Local use Explanation of format description terms

LC experience or existing holdings The Library of Congress is represented on the working group for PDF/A (ISO/TC 171/SC 2/WG 5) as well as the PDF Association's EA-PDF (Email Archiving in PDF) LWG. As of December 2025, the Library does not have EA-PDF files in its collections.
LC preference See the Library of Congress Recommended Formats Statement (RFS) for format preferences related to email. The metadata section is influenced by compliance with EA-PDF metadata requirements.

Sustainability factors Explanation of format description terms

Disclosure

Fully documented. Specification version 1.0 was published by the PDF Association in February 2025. Specification was developed under the auspices of the PDF Association's EA-PDF (Email Archiving in PDF) LWG which was part of a 24-month-long project led by the University of Illinois funded by a National Leadership Grant from the Institute of Museum and Library Services. Participation in the EA-PDF LWG is open to members of the PDF Association as well as to experts who wish to participate as either Invited or Liaison experts, subject to PDF Association’s IPR Policy.

    Documentation

EA-PDF: An archival email format based on PDF/A, version 1.0 February 2025.

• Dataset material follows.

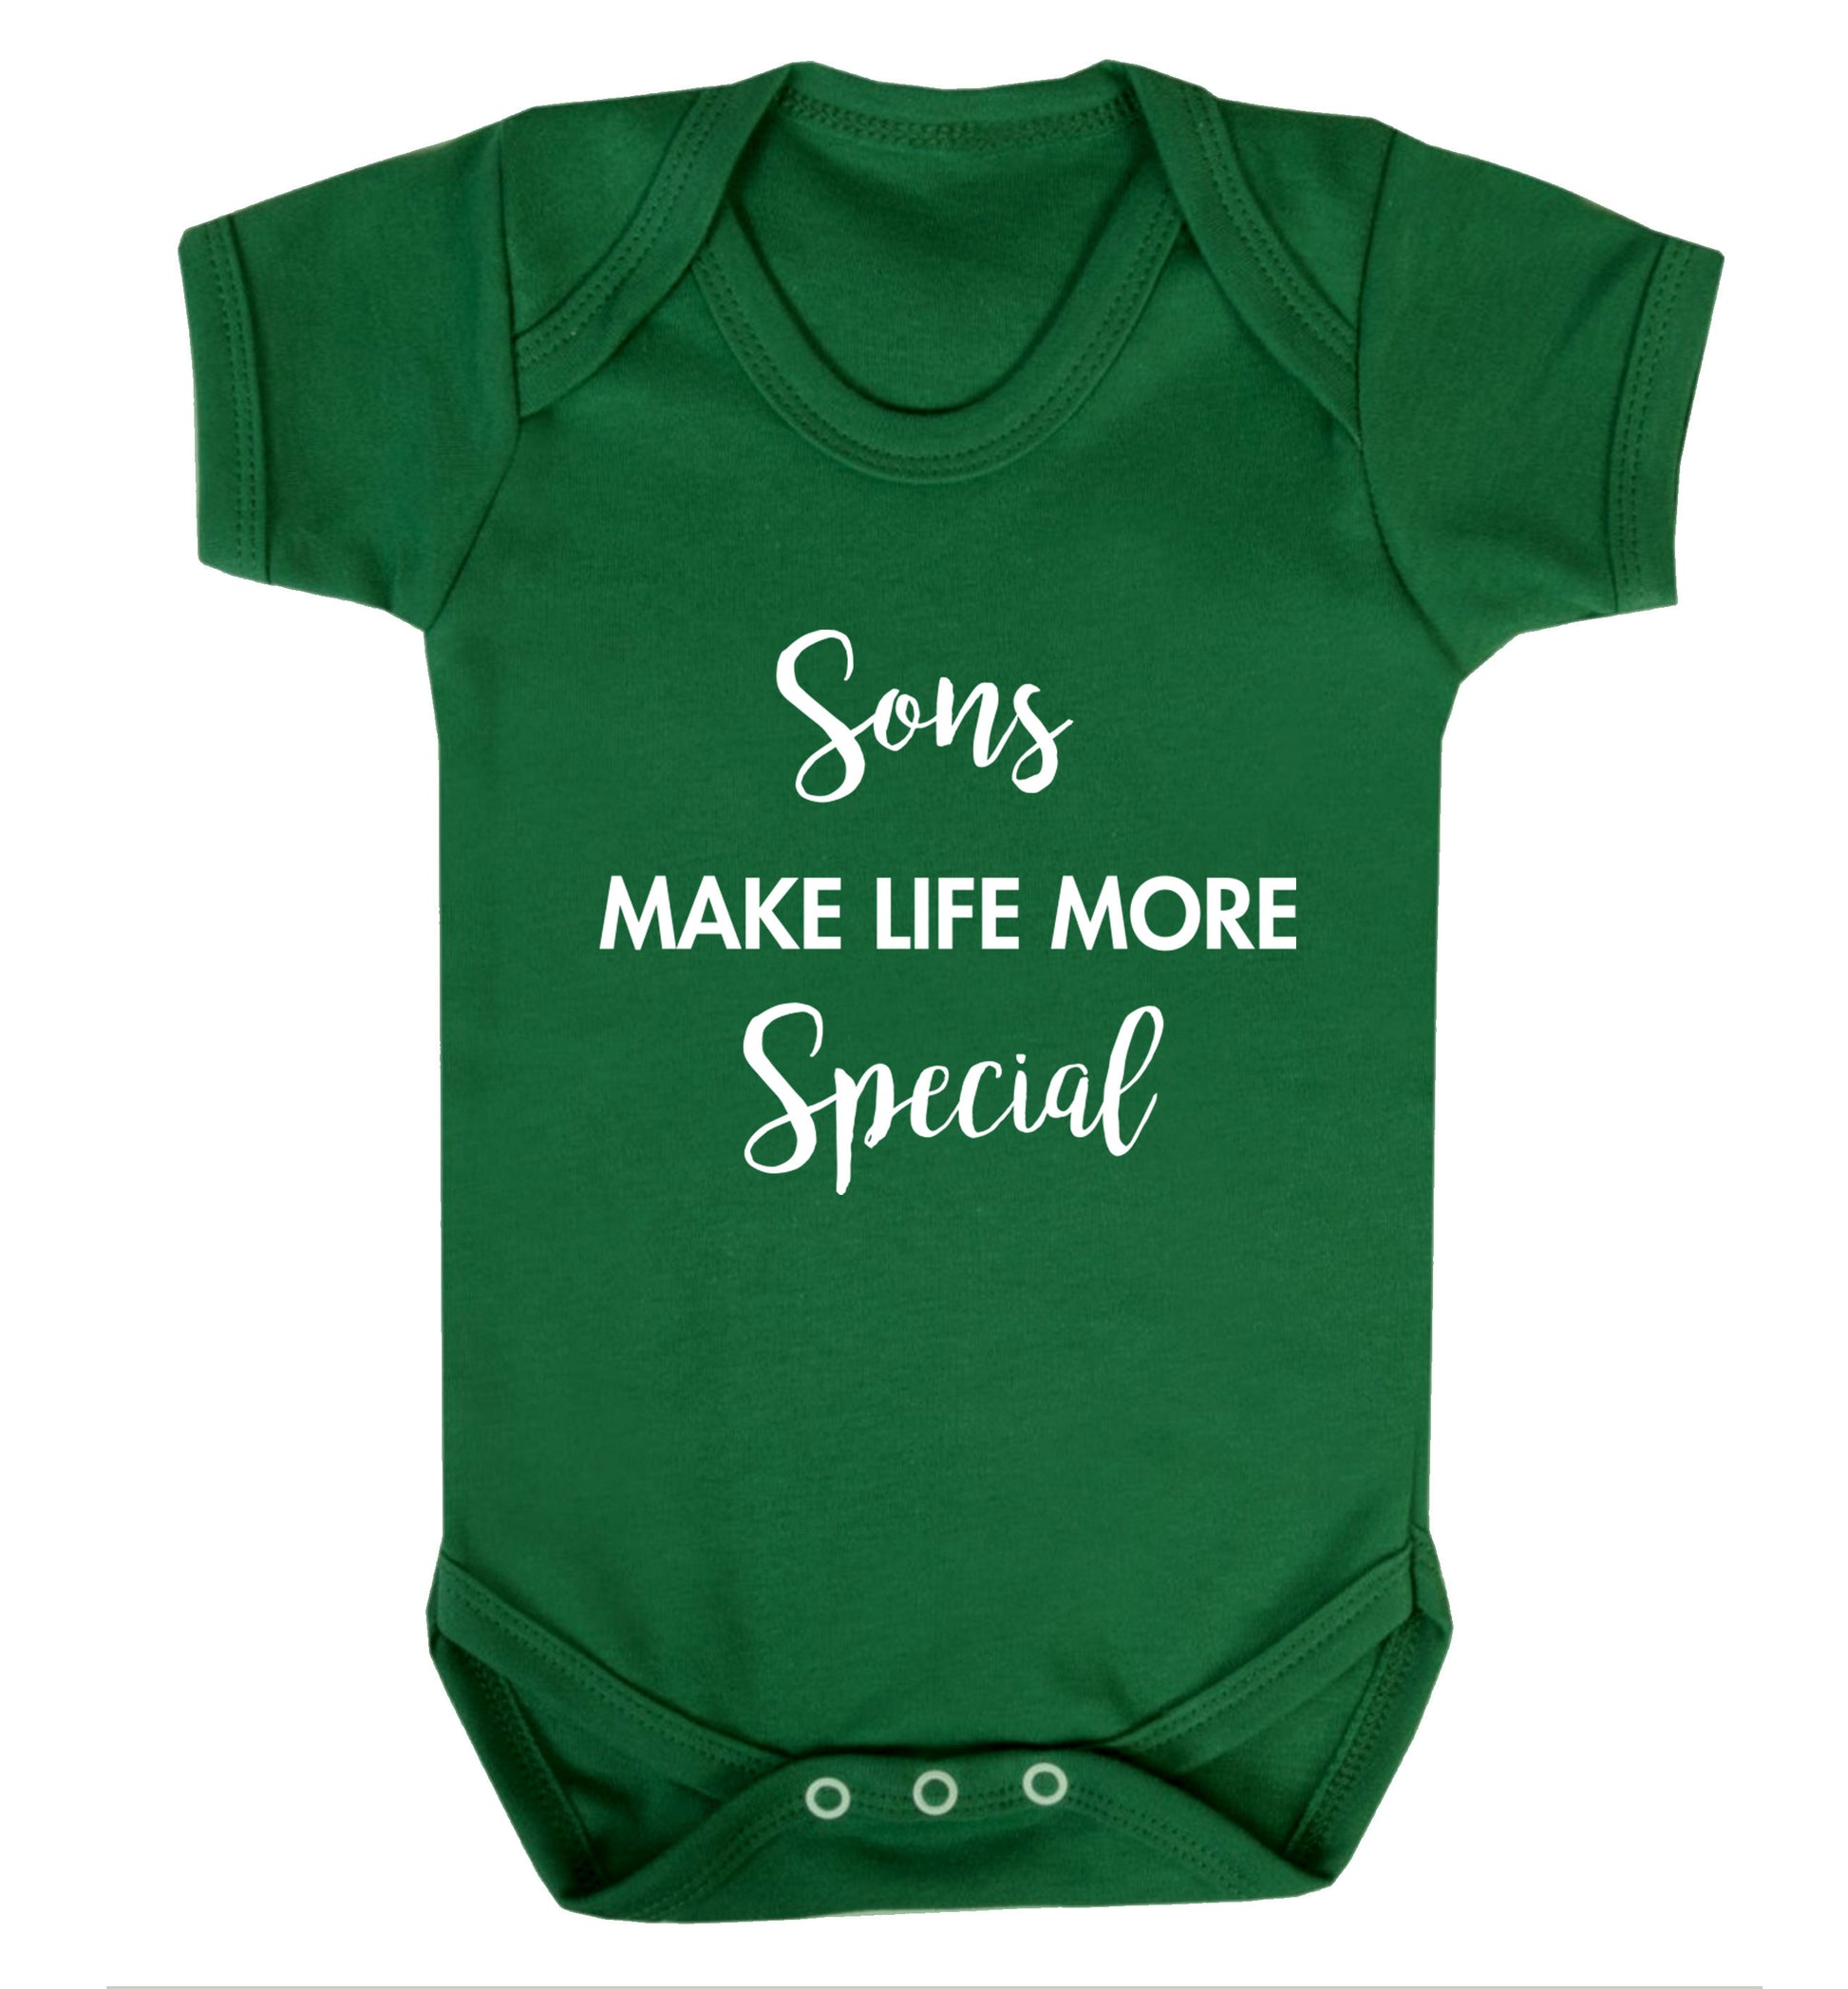 Sons make life more special Baby Vest green 18-24 months
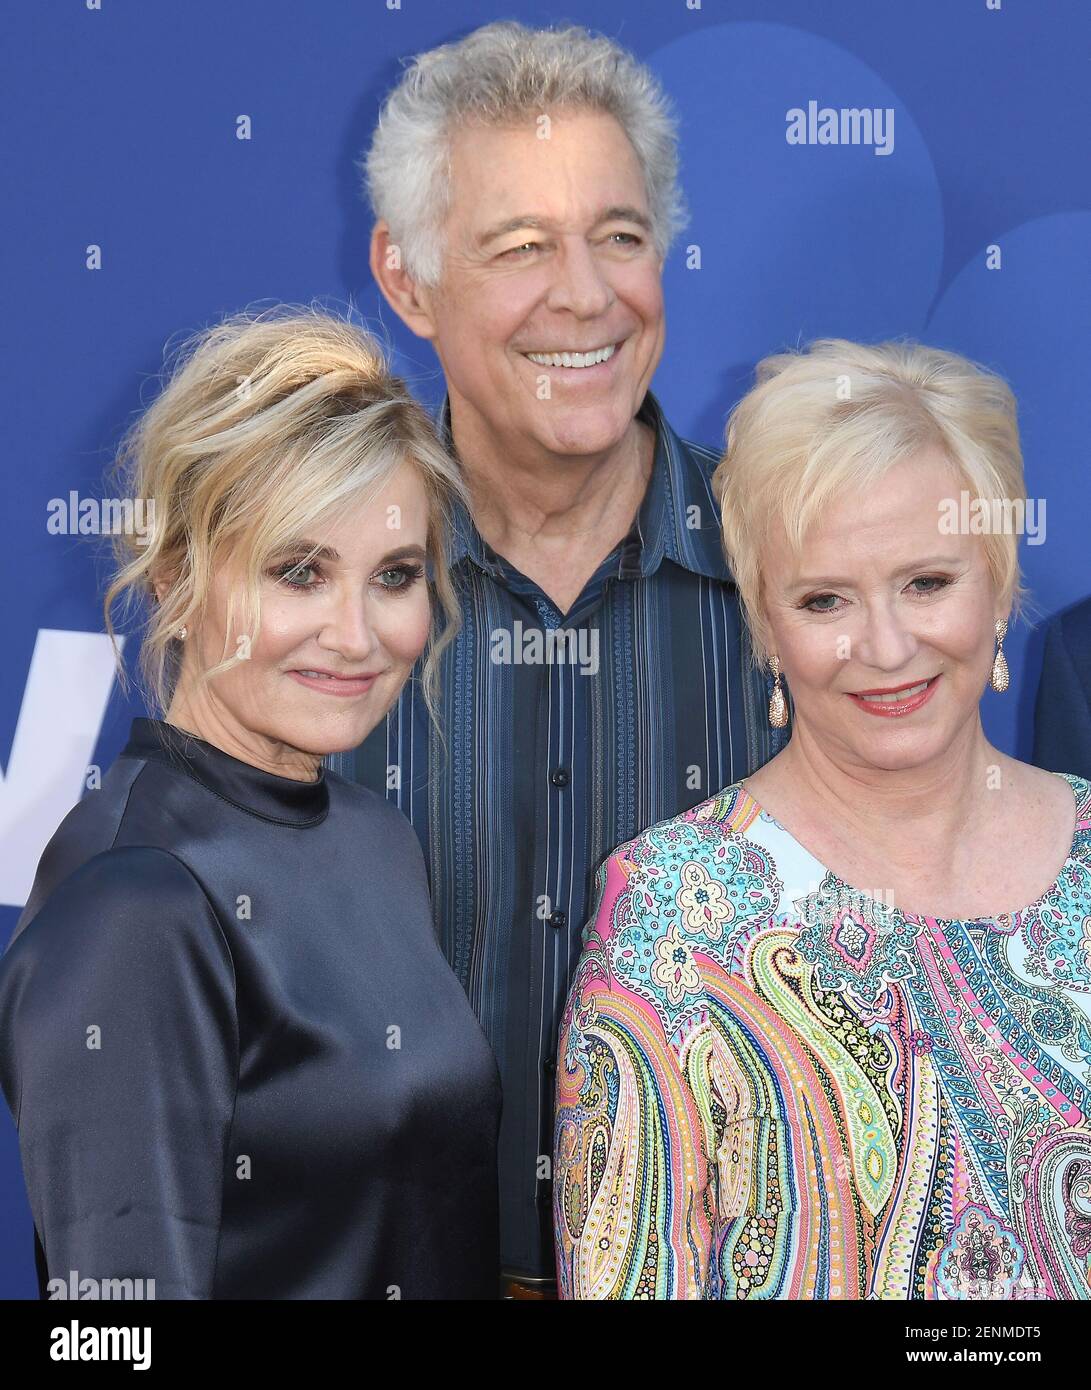 L-R) Maureen McCormick, Barry Williams and Eve Plumb at HGTV's A VERY BRADY  RENOVATION Los Angeles Premiere held at The Garland Hotel in North  Hollywood, CA on Thursday, September 5, 2019. (Photo

Adoption Adoption is not wide-spread as of December 2025 in part because tools are still developing. One example is Big Faceless Organization's (BFO) support in BFO Publisher. Another draft project is University of Illinois Urbana-Champaign's (UIUC) Email2Pdf to transform "EML or MBOX into archival PDF files that conform to the EA-PDF specification as output."
    Licensing and patents The EA-PDF specification is under a Creative Commons Attribution 4.0 International License and also notes that "vendors own their respective copyrights and trademarks wherever they are mentioned. Attention is drawn to the possibility that some of the elements of this document may be the subject of patent rights. The PDF Association shall not be held responsible for identifying any or all such patent rights. Users of this document are responsible for independently verifying any and all information."
Transparency See PDF/A_family. For PDF/A-3 and PDF/A-4, transparency and characterization of non-PDF/A-4 embedded files are primary concerns for long-term preservation.
Self-documentation

EA-PDF defines a set of core fields in email headers (see table 4).

Accessibility Features

EA-PDF extends PDF’s Logical Structure and Tagged PDF features to provide enhanced semantics with improved accessibility and reuse of extracted content with an optional custom EA-PDF tag-set with specific role mapping back to the PDF 1.7 standard structure tag set. These custom tags (structure element types) semantically mark up PDF page content streams to identify Core Field information using a custom PDF 2.0 namespace.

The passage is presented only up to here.